Nealcly / templateNER

Source code for template-based NER
210 stars 38 forks source link

Fix multiple occurrences of same string. #4

Closed parakalan closed 2 years ago

parakalan commented 3 years ago

Here -

for i in range(len(input_TXT_list)):
      words = []
      # for j in range(1, min(9, len(input_TXT_list) - i + 1)):
      for j in range(1, 9):
          word = (' ').join(input_TXT_list[i:i+j])
          words.append(word)
      print(words)

This is the output on calling the prediction function with previous version -

prediction("I made ghee from butter chilli")

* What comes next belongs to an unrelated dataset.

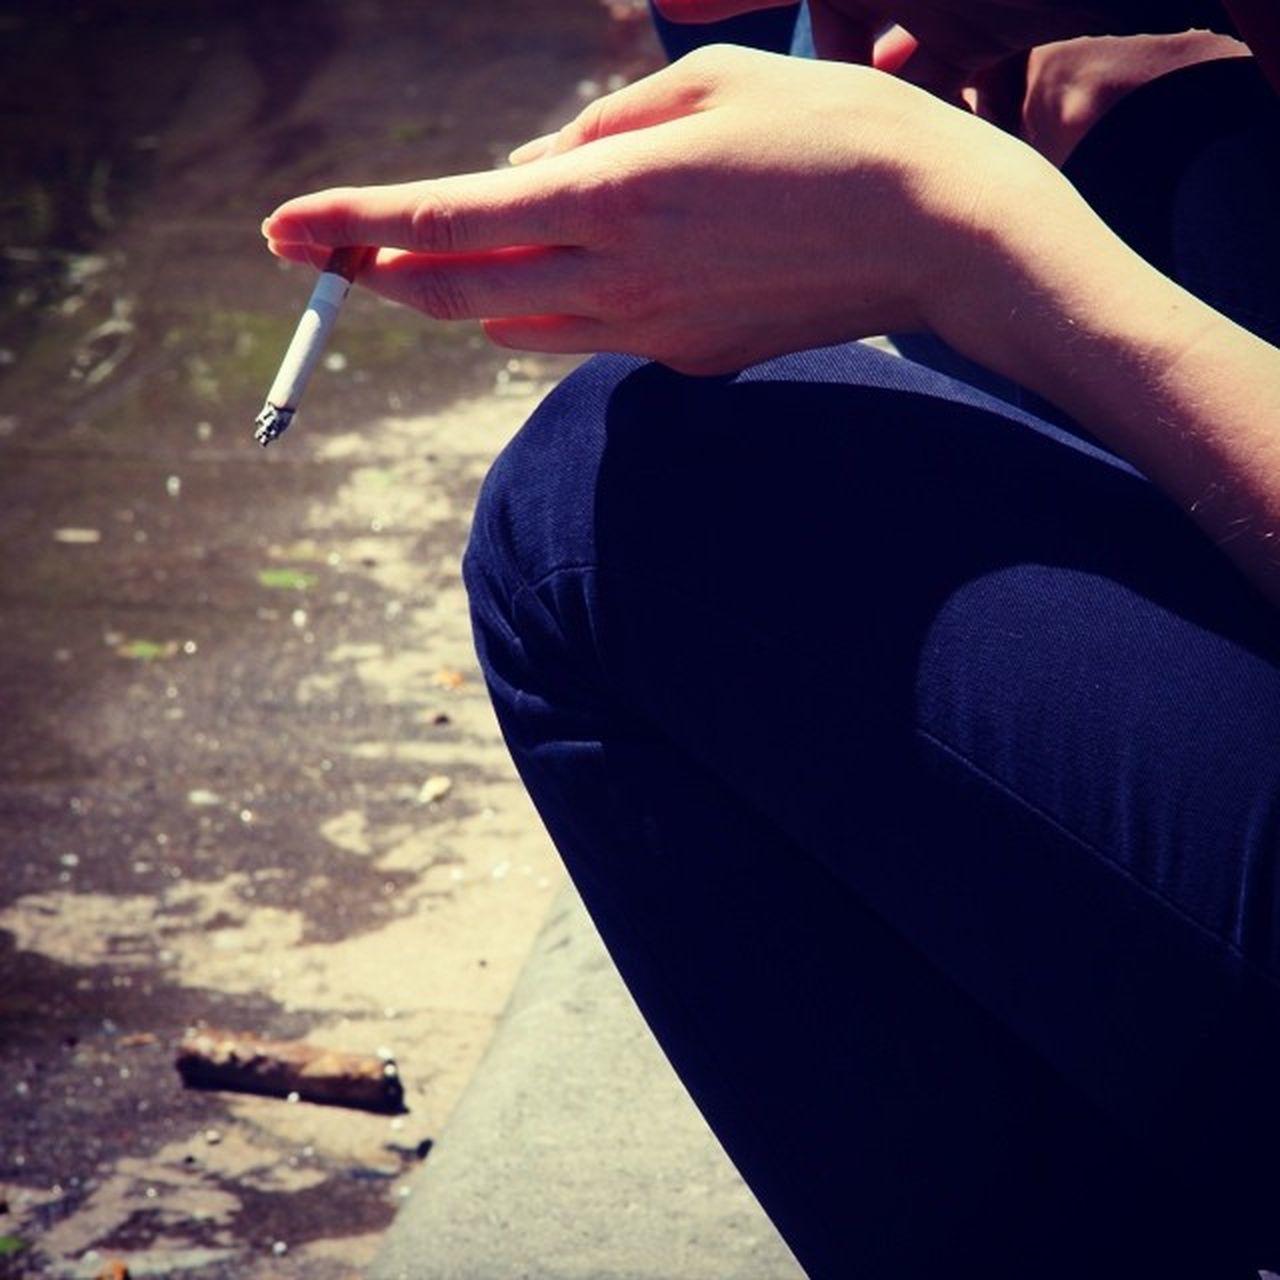 Human Hand Holding Cigarette

['I', 'made', 'ghee', 'from', 'butter', 'chilli']
['I', 'I made', 'I made ghee', 'I made ghee from', 'I made ghee from butter', 'I made ghee from butter chilli', 'I made ghee from butter chilli', 'I made ghee from butter chilli']
['made', 'made ghee', 'made ghee from', 'made ghee from butter', 'made ghee from butter chilli', 'made ghee from butter chilli', 'made ghee from butter chilli', 'made ghee from butter chilli']
['ghee', 'ghee from', 'ghee from butter', 'ghee from butter chilli', 'ghee from butter chilli', 'ghee from butter chilli', 'ghee from butter chilli', 'ghee from butter chilli']
['from', 'from butter', 'from butter chilli', 'from butter chilli', 'from butter chilli', 'from butter chilli', 'from butter chilli', 'from butter chilli']
['butter', 'butter chilli', 'butter chilli', 'butter chilli', 'butter chilli', 'butter chilli', 'butter chilli', 'butter chilli']
['chilli', 'chilli', 'chilli', 'chilli', 'chilli', 'chilli', 'chilli', 'chilli']

After this fix, the output is -

['I', 'made', 'ghee', 'from', 'butter', 'chilli']
['I', 'I made', 'I made ghee', 'I made ghee from', 'I made ghee from butter', 'I made ghee from butter chilli']
['made', 'made ghee', 'made ghee from', 'made ghee from butter', 'made ghee from butter chilli']
['ghee', 'ghee from', 'ghee from butter', 'ghee from butter chilli']
['from', 'from butter', 'from butter chilli']
['butter', 'butter chilli']
['chilli']

Multiple occurrences of the same string happen when j > (len(input_TXT_list) - i), increasing computation time. This commit fixes this.